> _PROVIDED RECORDS_:
Start of Block

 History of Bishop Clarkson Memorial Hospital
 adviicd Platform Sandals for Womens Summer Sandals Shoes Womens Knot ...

End of Block
Start of Block

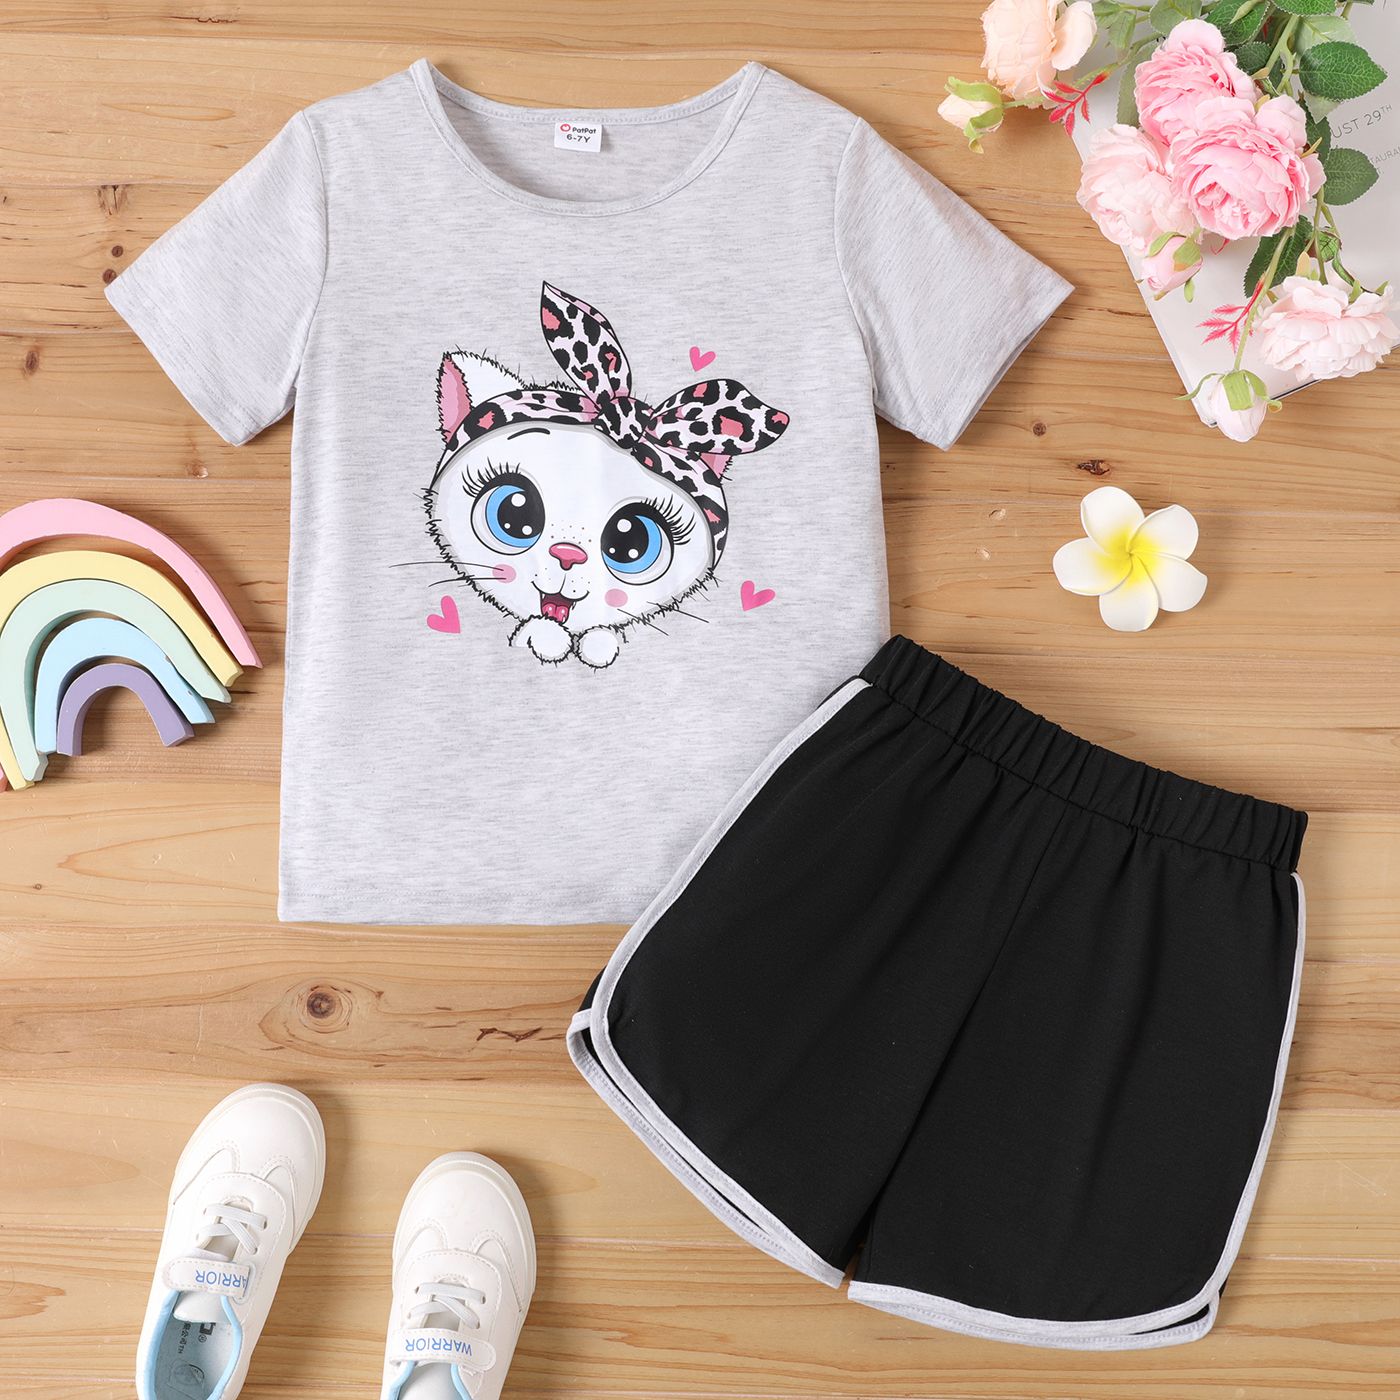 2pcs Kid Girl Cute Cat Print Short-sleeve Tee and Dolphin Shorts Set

End of Block

> _WHAT YOU WILL DO_: From the data above, return every line from the line that has "History of Bishop Clarkson Memorial Hospital" up to and including the line that has "adviicd Platform Sandals", exactly.

> _FINISHED EXERCISE_:
 History of Bishop Clarkson Memorial Hospital
 adviicd Platform Sandals for Womens Summer Sandals Shoes Womens Knot ...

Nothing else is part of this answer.